EWDs bring transparency to US industry

By: Rob McKay


US transporters are working with their customers in a different way, Transport Intermediaries Association president Bob Voltmann says

EWDs bring transparency to US industry
US Transport Intermediaries Association (TIC) president Bob Voltmann

 

Electronic work diaries (EWDs) and the boom in trucking demand in the USA is changing the power dynamic between transporters and their customers.

That is the message US Transport Intermediaries Association (TIC) president Bob Voltmann had for the Australian Logistics Council-Australian Trucking Association Supply Chain and Compliance Summit in Melbourne today.


The National Heavy Vehicle Regulator launched a system for the approval of EWDs in Australia in May. Check out our story here.


Proof of driving hours has injected transparency into customer demands on trucking companies and their drivers, meaning fatigue rules are less able to be bent.

"Shippers can’t use trucks as rolling warehouses any more," Voltmann, whose body represents third party logistic providers, says.

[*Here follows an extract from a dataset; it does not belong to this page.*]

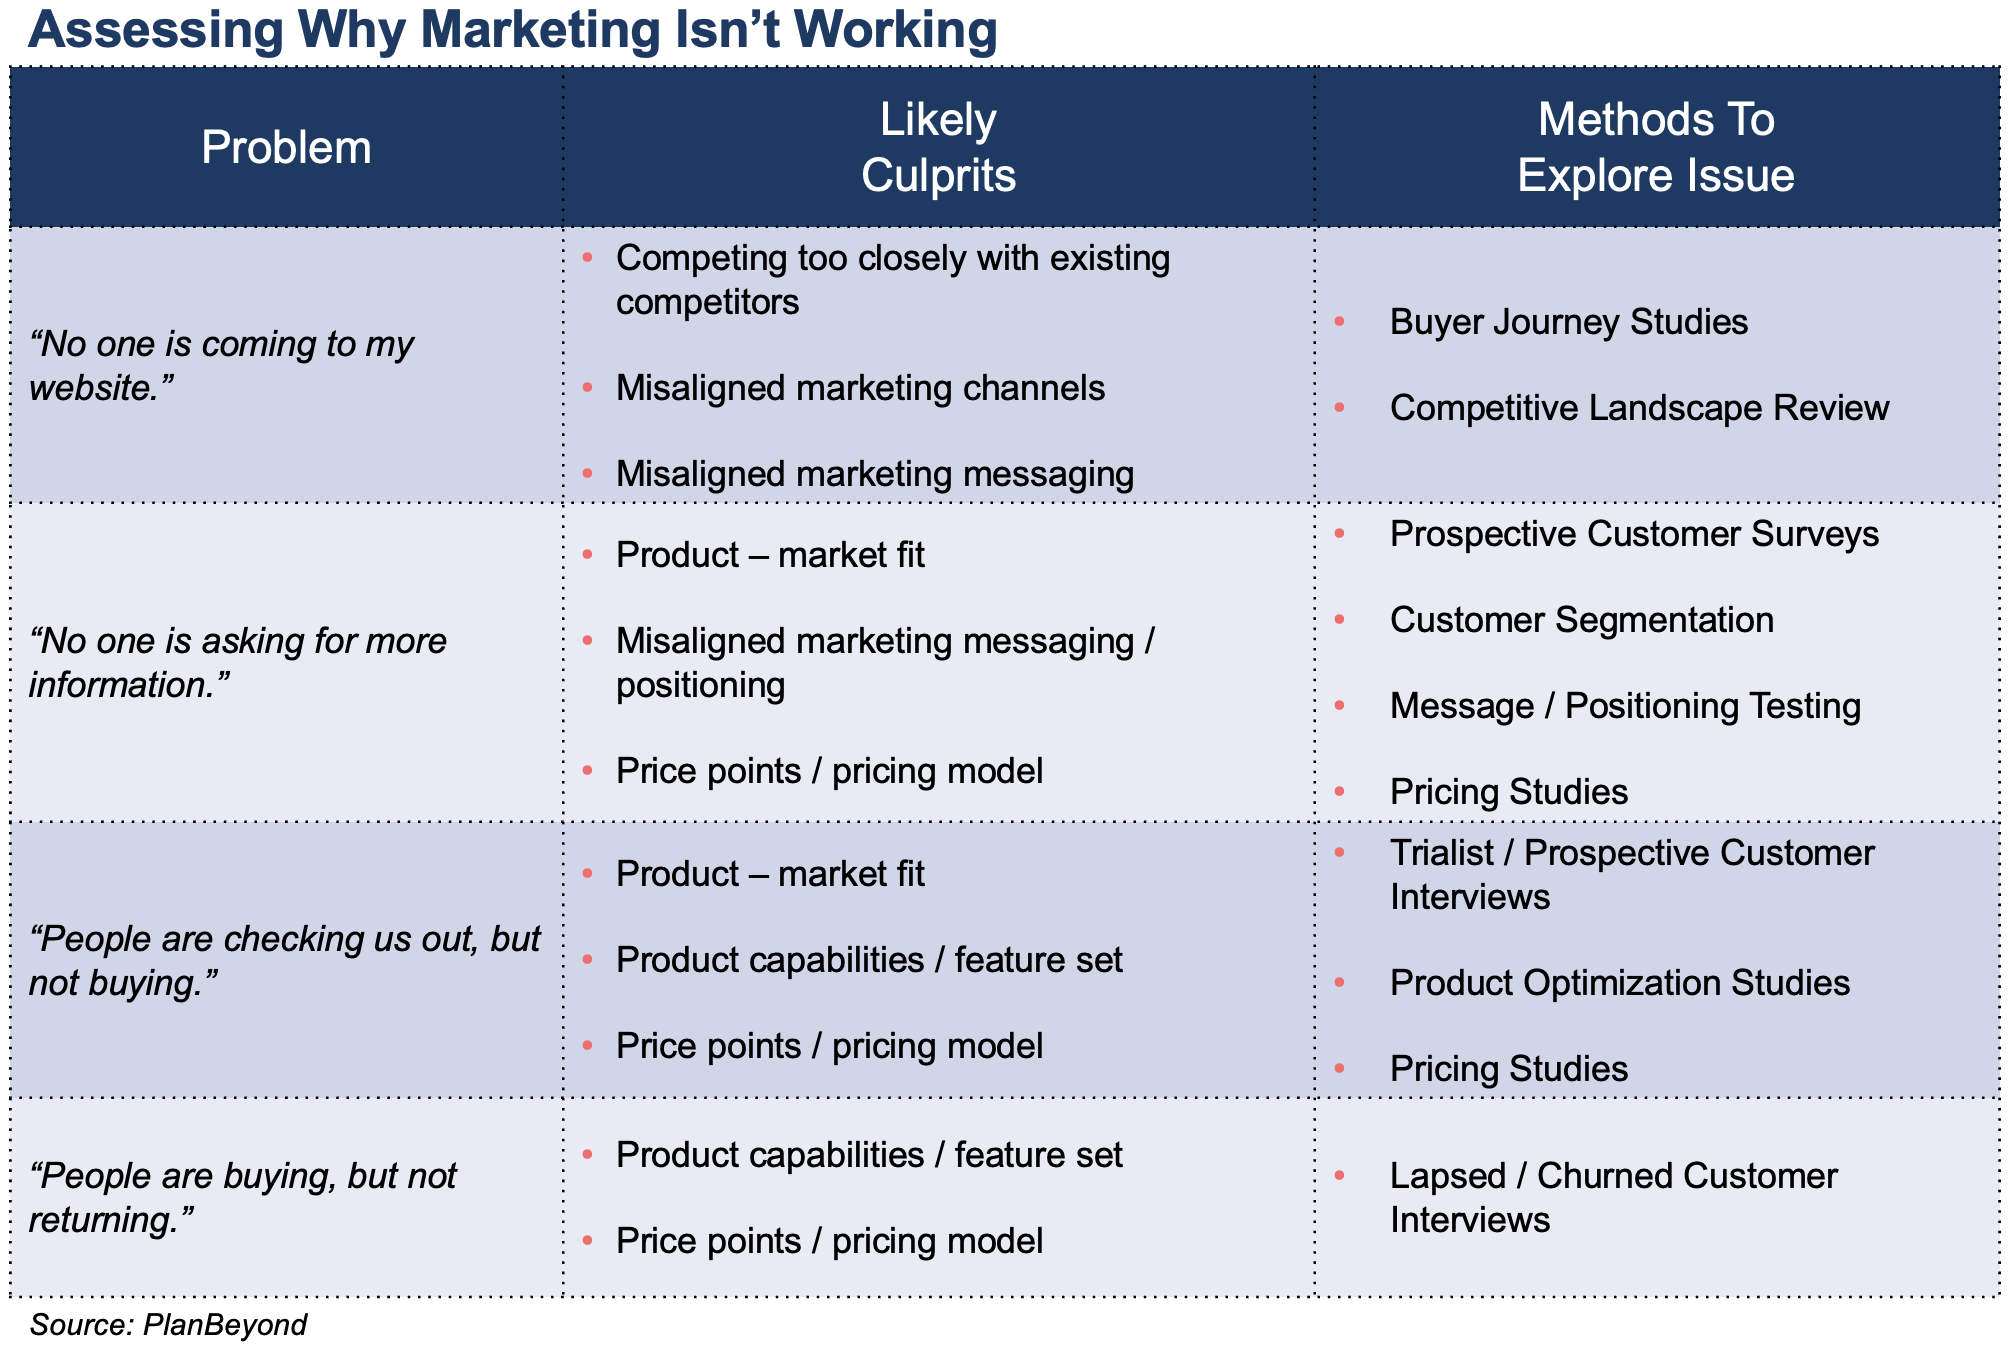 Assess Why Marketing Isn't Working

Meanwhile, more demand and less capacity has meant customer are seeking to be "shippers of choice" for transporters and asking peak bodies such as the TIC "how do we make our freight attractive"?

At the same time, transporters are choosing to reject cargoes from customers with inefficient facilities that wastes drivers’ valuable time.

What are known in the US as electronic logging devices (ELDs) have given them the proof of just how much.